Deposit growth in the banking industry has become a zero-sum game for all intents and purposes.  Several months ago we published a white paper that revealed the deposit dilemma appeared more serious than anticipated, based on 2018 data.  The results in the first quarter of 2019 were mixed.  Here are five significant findings from our analysis of first quarter deposits:

  1. The growth in CDs exceeded the growth in all deposits, including CDs. Total deposits including CDs only grew by $78.5 billion in the quarter versus the fourth quarter of 2018.  I guess some growth is better than no growth or shrinkage, but when you consider that retail and jumbo CDs grew by $114.9 billion in the quarter, that silver lining is more like a plastic one.  If you think this is a misprint, think again. The only way CD growth can exceed all deposits including CDs is if other deposit products shrink.  Transaction accounts, the highest quality form of deposits, and MMDAs both lost ground in the quarter.


In a nutshell, the least-sticky and most expensive form of deposits (CDs) are growing at the expense of the most-sticky and least expensive product (transaction accounts). They are absorbing virtually all the growth in the supply of deposits in the banking system.

  1. Community banks with assets between $10 billion and $50 billion and $1 billion to $10 billion held their own in the quarter. Both groups combined won 64 percent of the total deposit growth in the quarter. Moreover, both groups seemed to do so in a relatively balanced way across deposit products. The $10 billion to $50 billion group grew transaction accounts by a combined $5 billion during the quarter, which represented 21 percent of its total growth.  The $1 billion to $10 billion group at least didn’t lose transaction accounts, but only nibbled its way to $868 million of growth in this category.


For what it’s worth, community banks under $1 billion, which had a relatively strong 2018 in transaction account growth, lost ground in the first quarter by shedding $2.9 billion of transaction accounts.  Who knows if this is an aberration or the beginning of a trend, but it does suggest size matters, and community banks might be far better off teaming up with one another through M&A, rather than continuing to slug it out.

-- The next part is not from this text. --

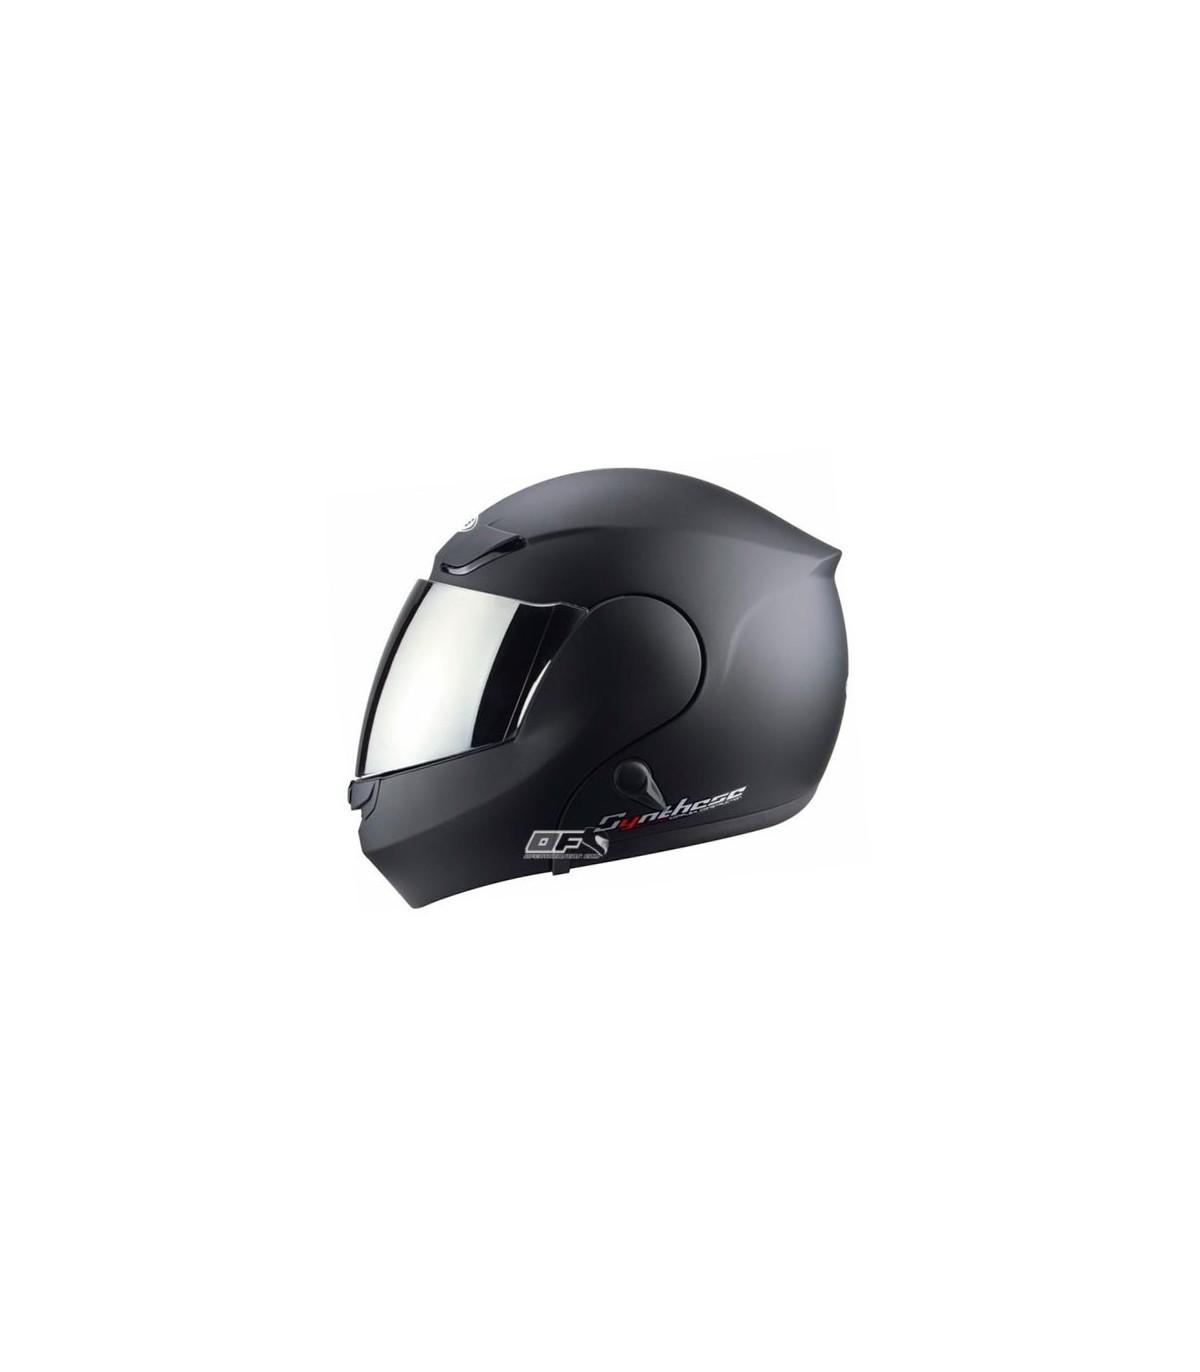 casco abatible ZEUS HZ 3000 NEGRO MATE CON GAFAS SOLARES

  1. The “Big Four” (JP Morgan, Bank of America, Citibank, and Wells Fargo) lost ground in the quarter. It is well-known in the industry that the Big Four has significantly increased its market share in the post-crisis decade.   However, during the last year and change, these banks slipped a little, predominantly due to the Fed's reversal of quantitative easing.  Combined, the Big Four only grew its deposits by $4.8 billion, which is just 6 percent of the total growth in the industry.  The top 4 banks felt the brunt of the pain in terms of losing transaction accounts and even savings accounts, compensating by raising CDs. Only Citibank had a strong quarter overall. It led the country with $20.9 billion of deposit growth, of which $15.4 billion came from the elusive and lucrative transaction accounts.


Between the relative success of community banks and the recent struggles of the top 4 banks, one may conclude that community banks are more than holding their own.  However, the top 4 banks all have a LTD ratio under 70 percent and have not been growing their loan portfolios, which suggests that they have not yet felt the urgency to release their arsenal on the banking market — or we haven’t yet felt the impact of their existing initiatives.  For example, we have yet to see the results from JPMorgan’s heavily-discussed branch expansion plans, which include 400 new locations over the next five years or Citi’s ROI from massive investments in digital banking.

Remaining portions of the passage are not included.